After Bruges came Ghent – a quaint little town that has always been on my bucket list and definitely did not disappoint. With university students posing as a unique contrast to the medieval architecture, what stuck out the most was the selection of venues scattered throughout the area. Want to host your Welcome Reception in a 10th- Century castle? No problem. How about at an all-windows restaurant on a canal? Sure thing. In a distillery in the old port? Of course! We had the pleasure of enjoying our meal at Pakhuis – an impressive, open-concept brasserie with a menu matched only by décor and impeccable service. Spanning two floors and featuring an outdoor terrace, it is an ideal restaurant to add to your dine-around itinerary. A horse-drawn carriage paraded us through the streets back to our bus, where we set off from Belgium’s best kept secret, to our next destination.

Living up to its distinction as the diamond capital, Antwerp was an absolute gem to visit. The city’s top drawcards are its vibrant entertainment scene, breathtaking venues, and multitude of hotel options.

Even in the rain, a walk through the city is something special. Cafés and shops dot the streets finding comfort under the towering cathedral, while the vintage tram serves as a unique locale for pre-dinner cocktails. We spent the night at the sleek Lindner Hotel – a contemporary property located an easy 10-minute walk from the city’s central station (which, for the record, can also host special events). With its incredible rooftop terrace and vibrant meeting spaces with ample natural lighting, any business-oriented group would feel right at home here. 

Closing out our trip was Brussels, the capital of Belgium or, as I like to call it, Belg-yum. Here, chocolate shops are scattered as far as the eye can see, waffle houses run at pretty much a 1:1 ratio with the population, and restaurants seem to be brimming with guests 24/7. Seriously, if you leave Brussels hungry, you’re doing it wrong. Of course, not all chocolates are created equal. If you want to treat your guests to something really memorable, take a trip to Mary – the official chocolatier to the Royal Family. One bite of these delicious artisan truffles will have you overlooking their steep price tag, for chocolate’s sake.

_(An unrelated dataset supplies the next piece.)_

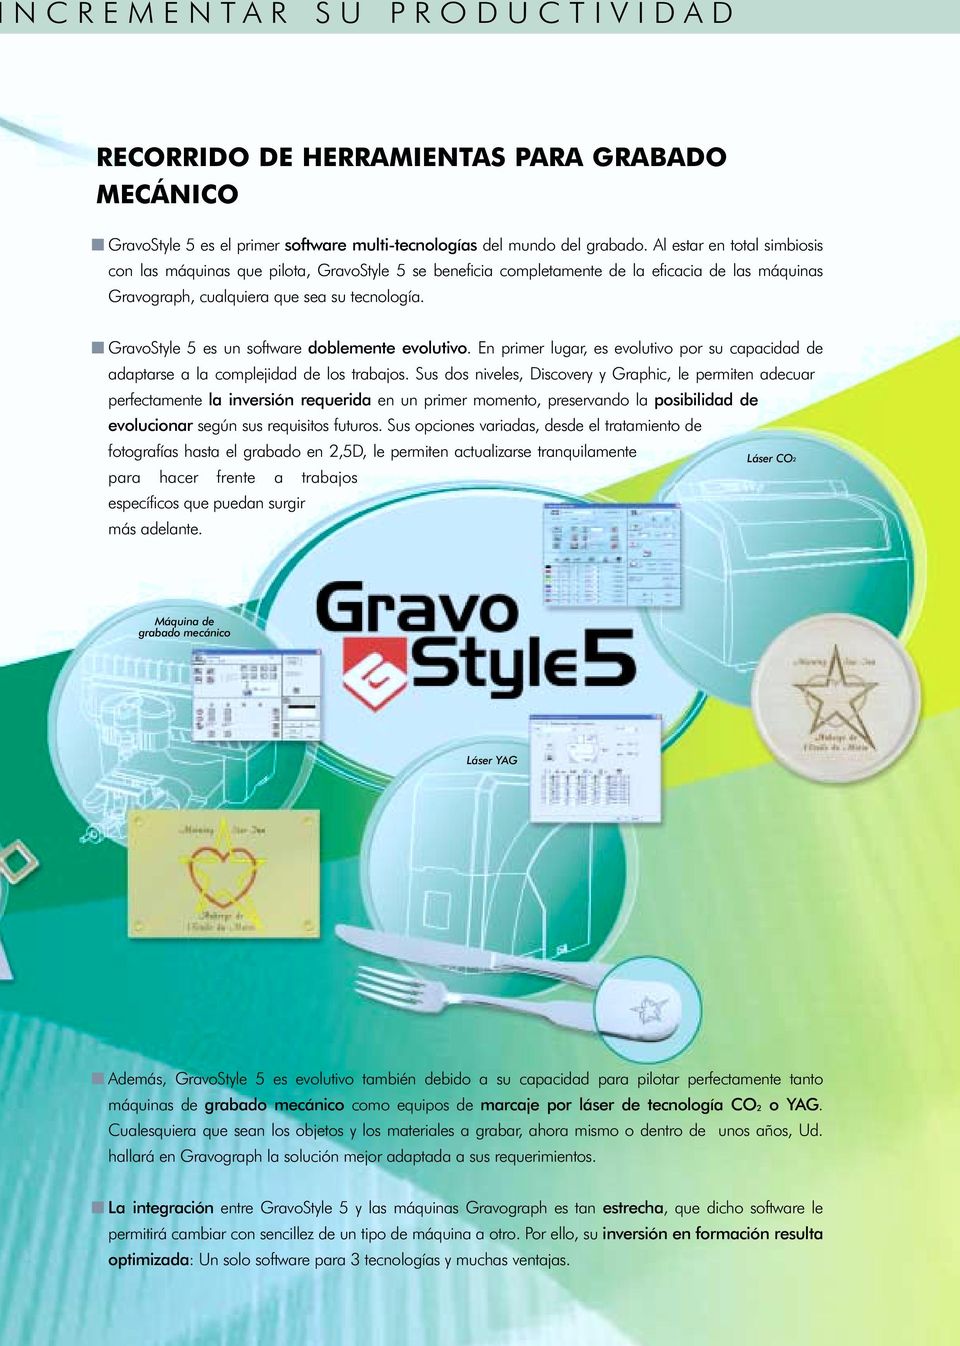 GravoStyle 5 es un software doblemente evolutivo. En primer lugar, es evolutivo por su capacidad de adaptarse a la complejidad de los trabajos.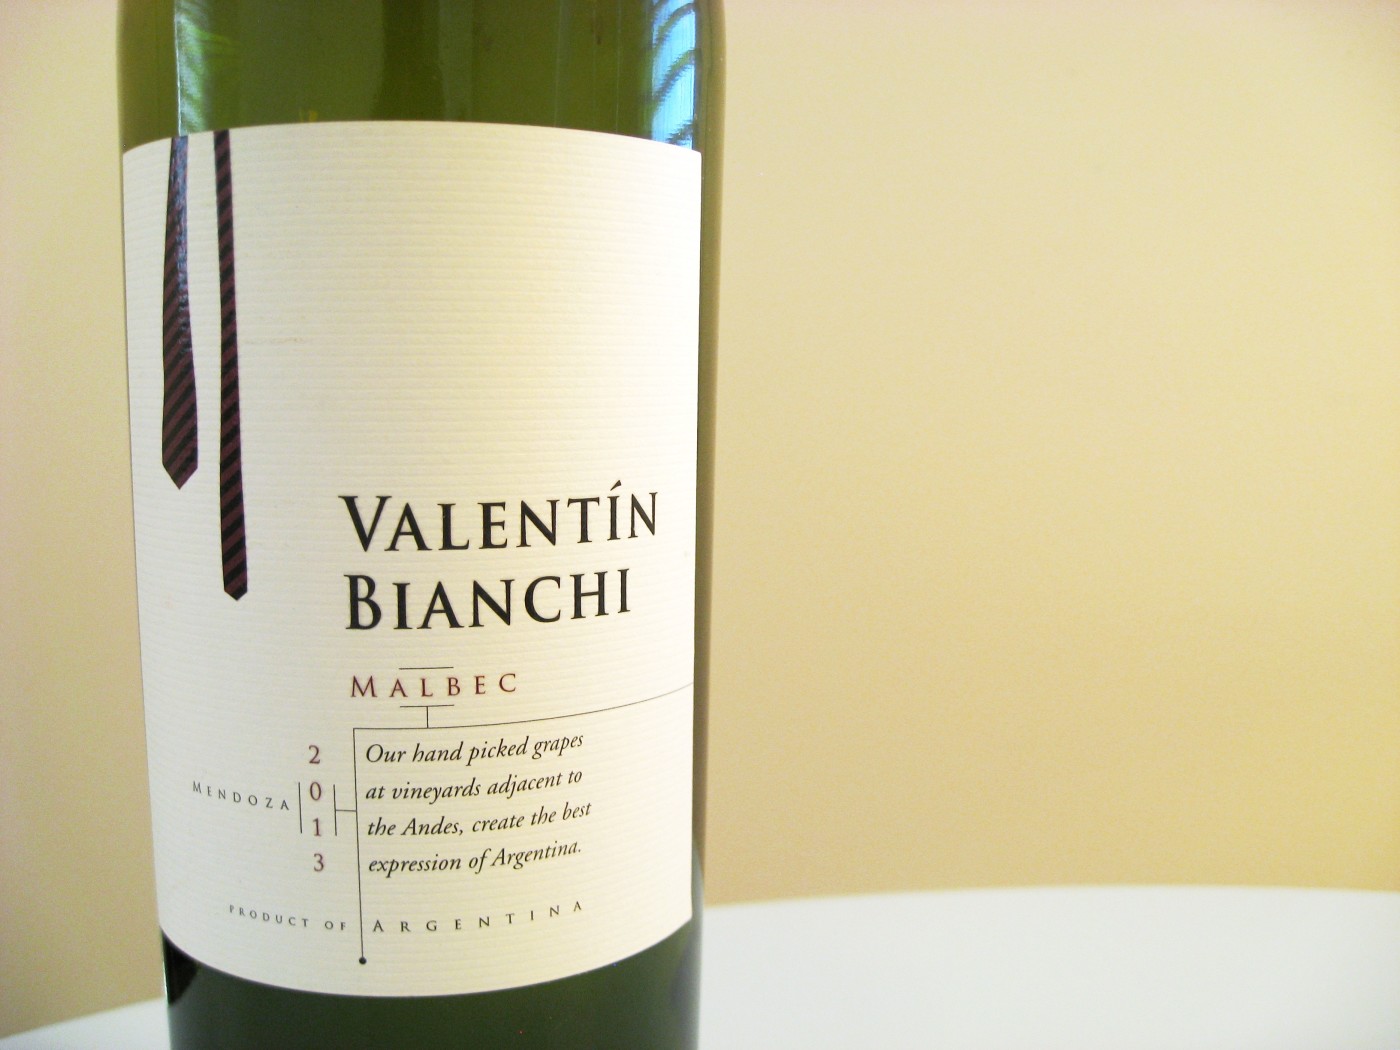 Valentin Bianchi, Malbec 2013, Mendoza, Argentina, Wine Casual

After eating our way through the city, we arrived at our hotel – the glamorous Hôtel le Plaza, where we were surprised with violin lessons. I’ll be the first to admit, I’m pretty tone deaf, but after an hour, our maestros had us playing like the pros (if you ignore all the screeching and missed notes, that is). If you’re looking for some unique and authentic teambuilding, look no further. It was then that we were guided to our final evening dinner venue, a beautiful theatre lit up with candles and a family-style table in the heart of the orchestra. To say we were wined and dined that evening would be an understatement. A magnificent pianist performed through each course – each somehow even more delicious than the last – while the service staff worked their way around the table like a well- rehearsed ensemble. I think it’s safe to say we all went to bed that night with both our stomachs and our hearts full.

Last, I would be remiss to not mention the incredible hospitality we experienced over the course of our stay. From the moment we stepped foot in Belgium, everyone we had the pleasure of interacting with was an absolute delight. Although Belgians might fly under the radar when most think of “Europeans”, they are a small but proud nation with a warmth about them that is evident to all who visit. Laymen and service staff alike, there is no doubt Belgians appreciate the finer things in life and take great satisfaction in showing off everything their amazing country has to offer. From the people to the pastries, the architecture to the activities, and the food to the festivities, Belgium has an undeniable charm you do not want to miss!